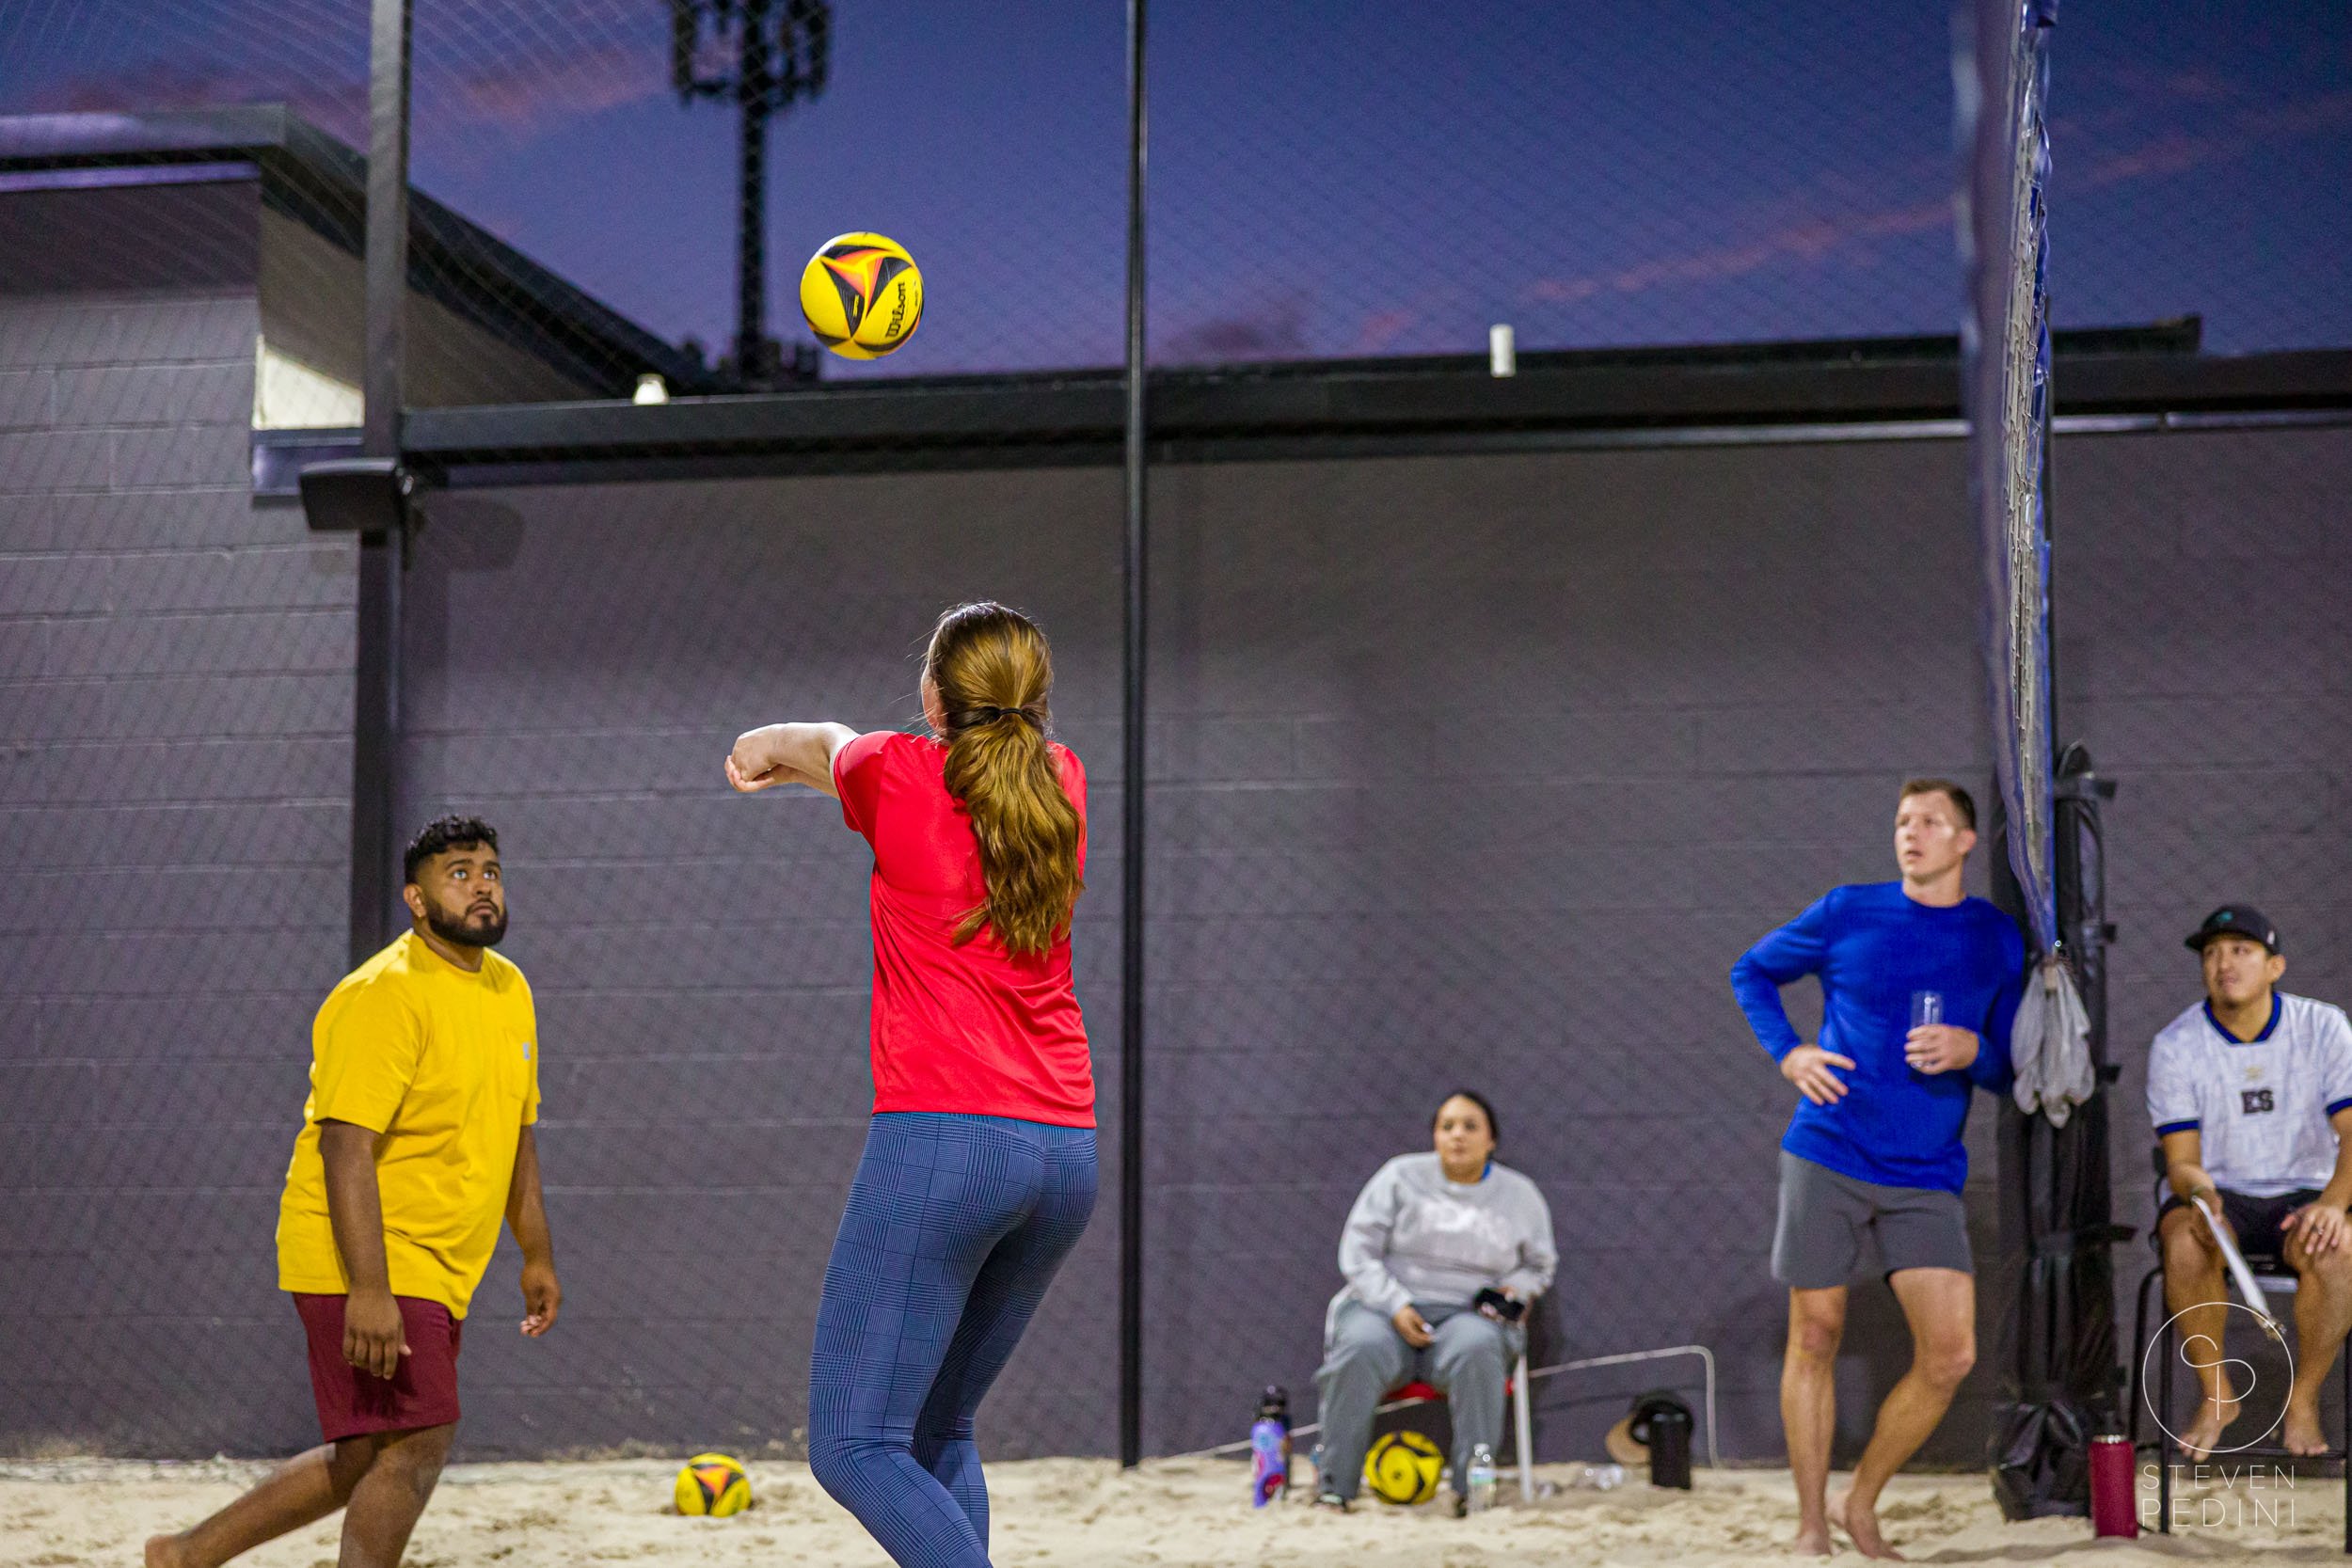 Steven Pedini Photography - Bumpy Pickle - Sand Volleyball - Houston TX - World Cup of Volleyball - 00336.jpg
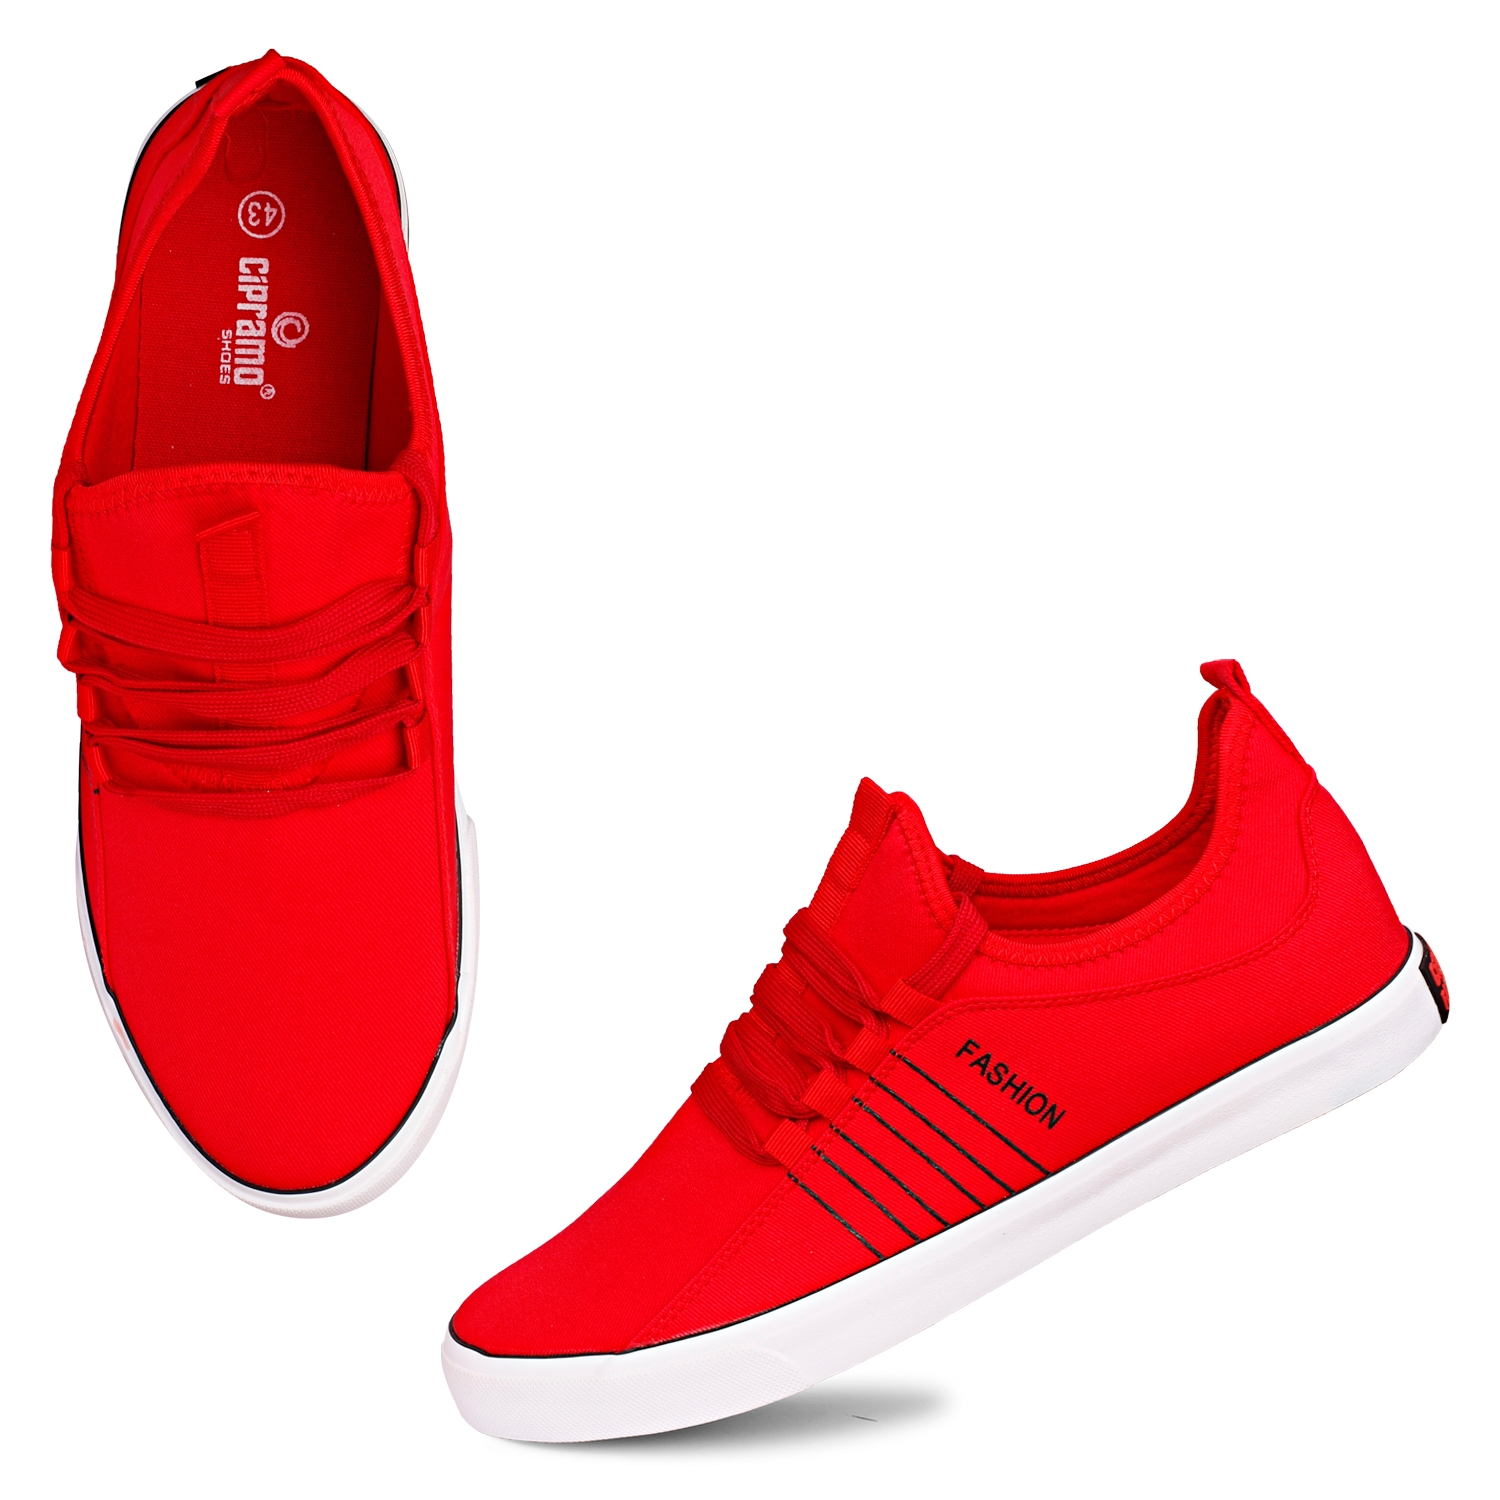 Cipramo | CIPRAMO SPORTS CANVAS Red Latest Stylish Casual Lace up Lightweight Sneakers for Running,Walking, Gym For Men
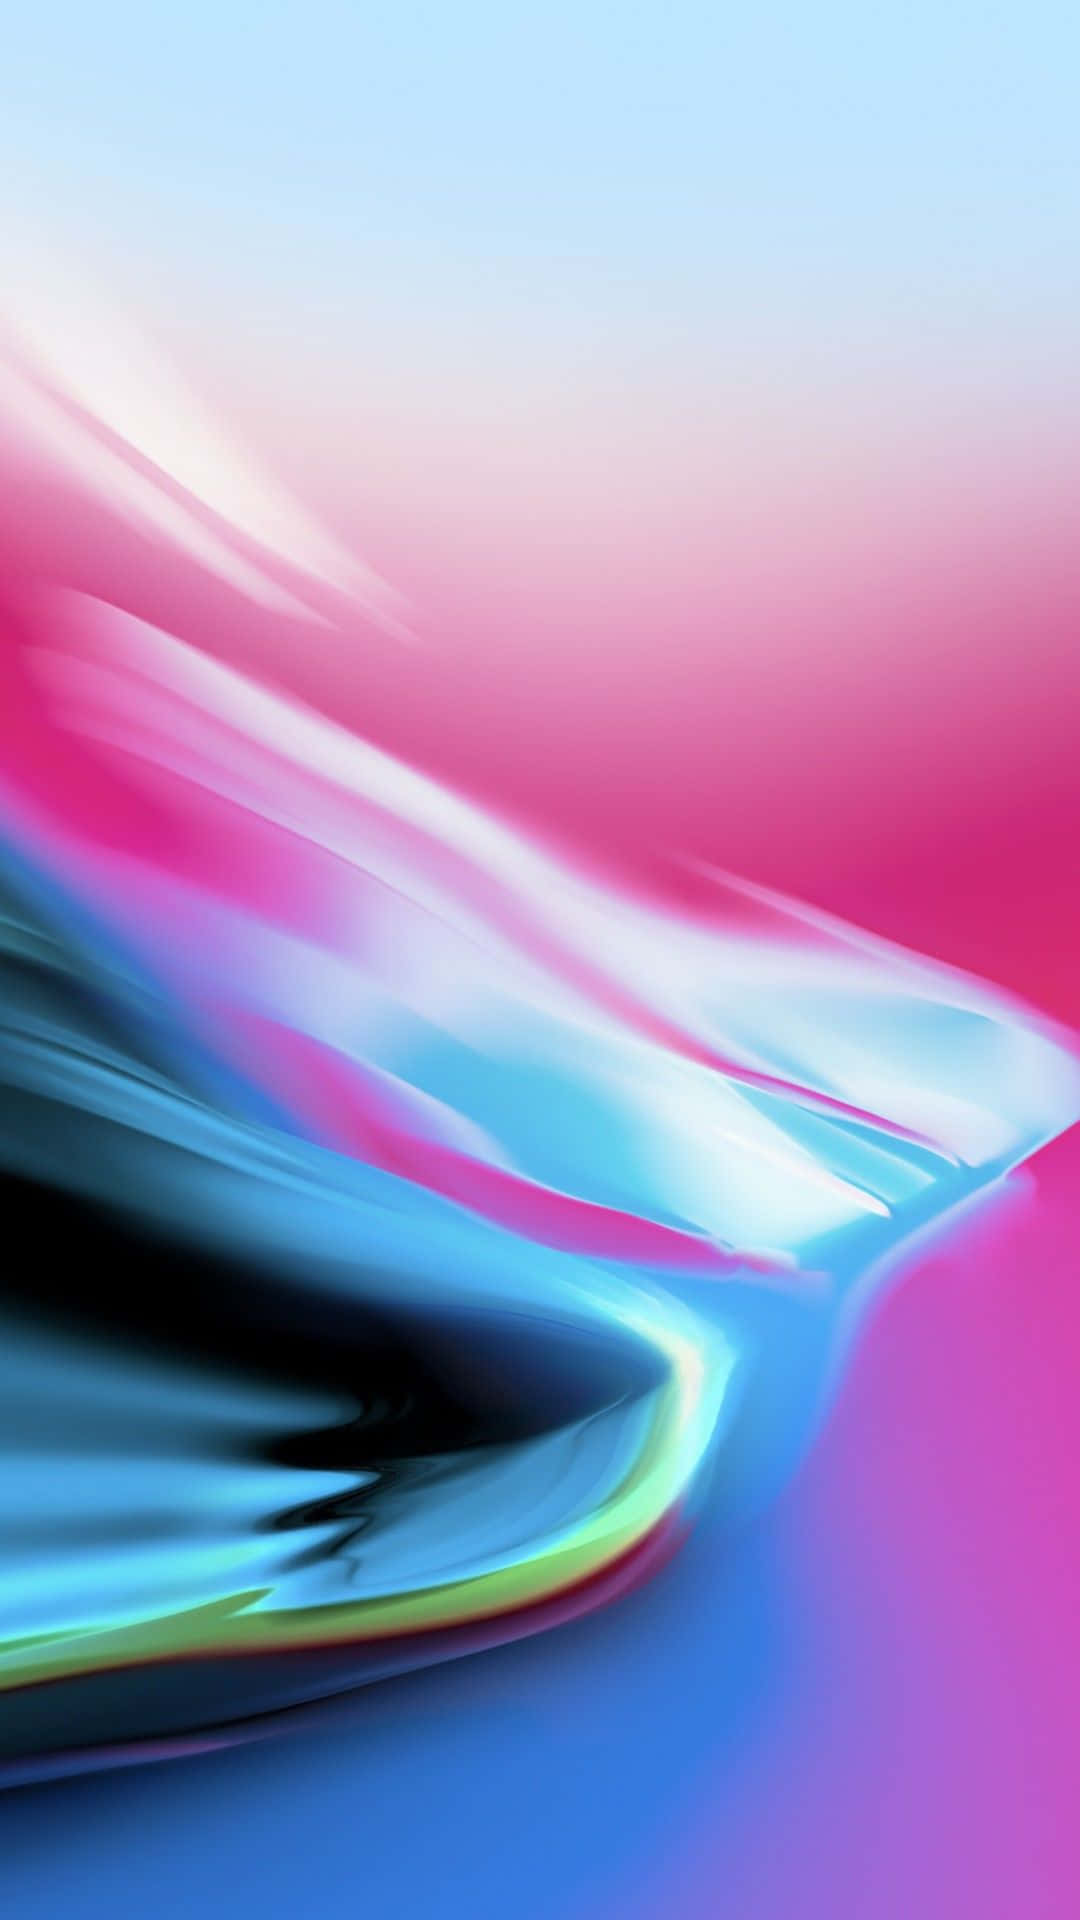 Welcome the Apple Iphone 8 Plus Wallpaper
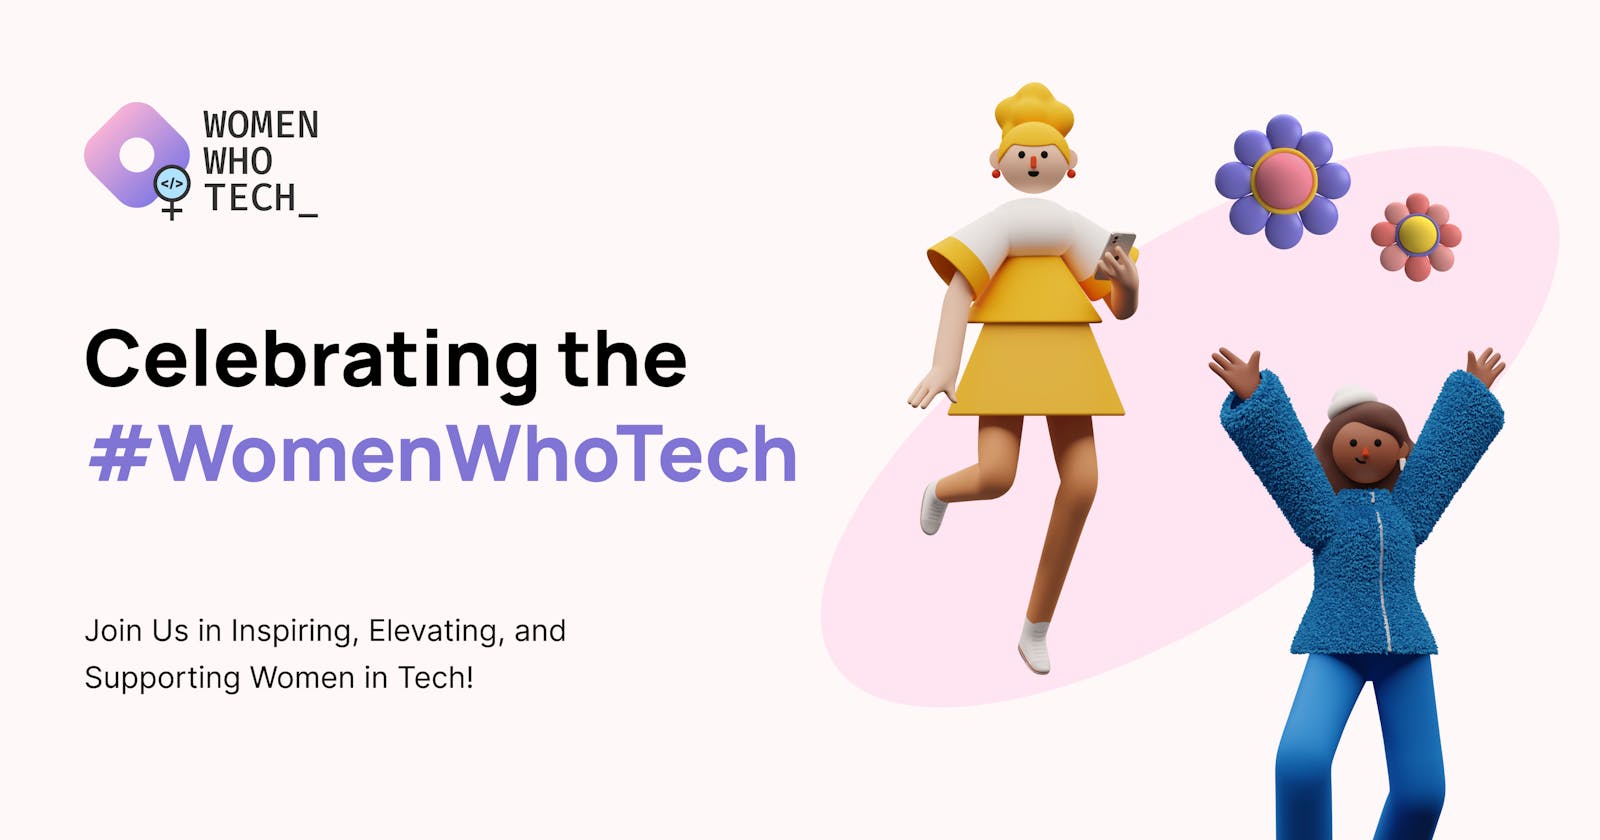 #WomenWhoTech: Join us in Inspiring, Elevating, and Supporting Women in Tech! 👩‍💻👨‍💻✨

> **TASK TO COMPLETE**: Excluding pictures, copy exactly the lines from the line containing "Welcome the Apple Iphone 8 Plus Wallpaper" through the last line of the data, inclusive.

> **OUTPUT OF THE TASK**:
 Welcome the Apple Iphone 8 Plus Wallpaper
 #WomenWhoTech: Join us in Inspiring, Elevating, and Supporting Women in Tech! 👩‍💻👨‍💻✨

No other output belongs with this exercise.